無奈之下。我只好把昨天告訴她的話重又說了一遍,然後告訴她我這回說的絕對千真萬確,半點隱瞞都沒有。
本以為葉翩翩還會跟我再糾纏,卻不曾想,聽完我的話之後,她乾脆利索的就站起身來,飄飄然的離開了。
這……莫非她大早上的,特意跑過來消遣我?從她那冰冷的面容上看,這姑娘不像那麼有情趣的人啊。
實在是莫名其妙。
葉翩翩走後,時間不早了,我也趕緊穿衣洗漱,然後往昨天的會場趕過去,參加玄學會的慶功會,至於發言稿,這時候肯定沒機會弄了,我路上一邊走,一邊隨便瞎琢磨了兩句,到時候糊弄過去便是。
慶功會上,我又看見了葉翩翩,說來也奇怪,早上從我房間離開的時候,她還是一襲白色裙裝,此時卻換上了玄色長袍,顯得整個人更加明豔幾分,坐在那裡,看到我進去之後,還衝我點了點頭。
這……早上那會兒你還一臉冰冷,一副一言不合就要暴起殺人的模樣,怎麼現在忽然還衝我點頭了?這態度,前後轉變也太大了吧?
我壓根兒沒搭理她,一臉鬱悶的過去在自己位置上坐下,跟提線木偶似的,把這場無聊的慶功會熬了過去。
等慶功會終於結束的時候,坐在我不遠處的葉翩翩站起身來,似乎想往我這邊走過來。
我心裡一哆嗦。趕緊自個兒先站起來匆匆離開了。早上時候葉翩翩那冰冷到極致的模樣,給我留下了心裡陰影,莫名的我不想跟她再有交集……惹不起我總躲得起。
等我回到房間之後沒多久,房門外面又傳來了敲門聲。
過去開啟一看,又是葉翩翩陰魂不散的跟了過來。
我無奈的回頭坐到床邊,沒好氣的問她說,「大姐。
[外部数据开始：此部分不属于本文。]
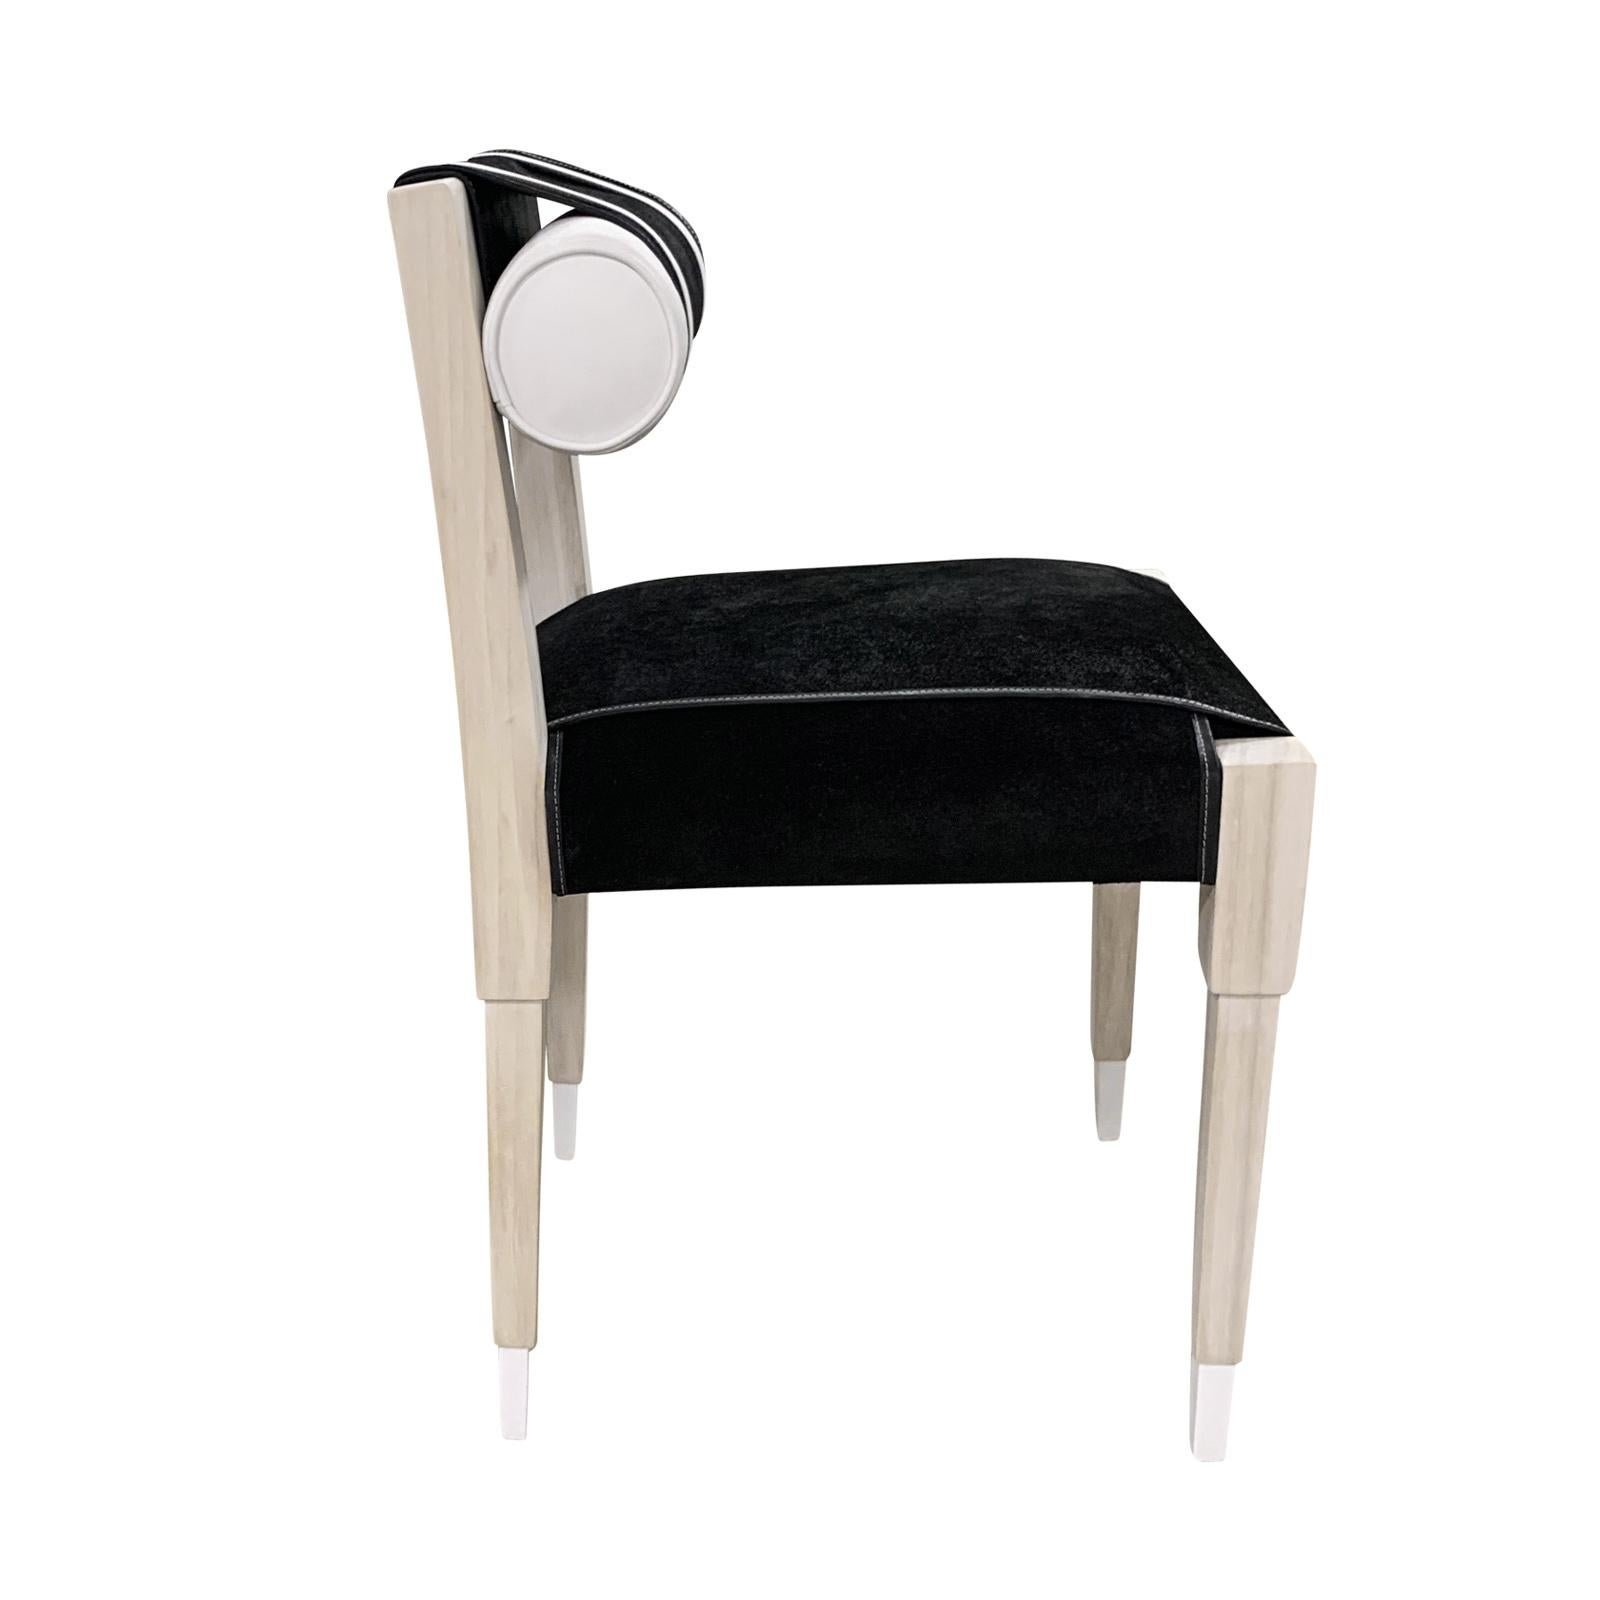 La chaise N°5 se caractérise par un profil et un style élégants. Cette magnifique chaise combine un cadre en chêne blanchi avec les plus belles lanières en daim noir + vinyle blanc (également disponible en cuir véritable). Tailles sur mesure

你究竟要幹嘛,一個問題非要問我兩遍,一天還來找我兩回……有啥事就不能一次問完嗎?」
葉翩翩剛走進來的腳步停了下來,冰冷卻嬌美的臉上露出一絲疑惑的神情,問我說,「你什麼意思?」
「我什麼意思?」我聲音忍不住抬高了幾分,「是我該問你什麼意思才對吧?昨天我已經告訴你尋找真龍脈的方法。昨晚上大半夜的也不知道你啥時候闖進我房間裡來,早上一睜眼,差點沒把我嚇死,還以為你要來殺我,沒想到你只是又問了一遍真龍脈的事……你說你是不是有什麼……問題?」
本來想問她是不是有什麼毛病,但想起她早上那一副隨時要殺人的模樣,我還是明智的改口了。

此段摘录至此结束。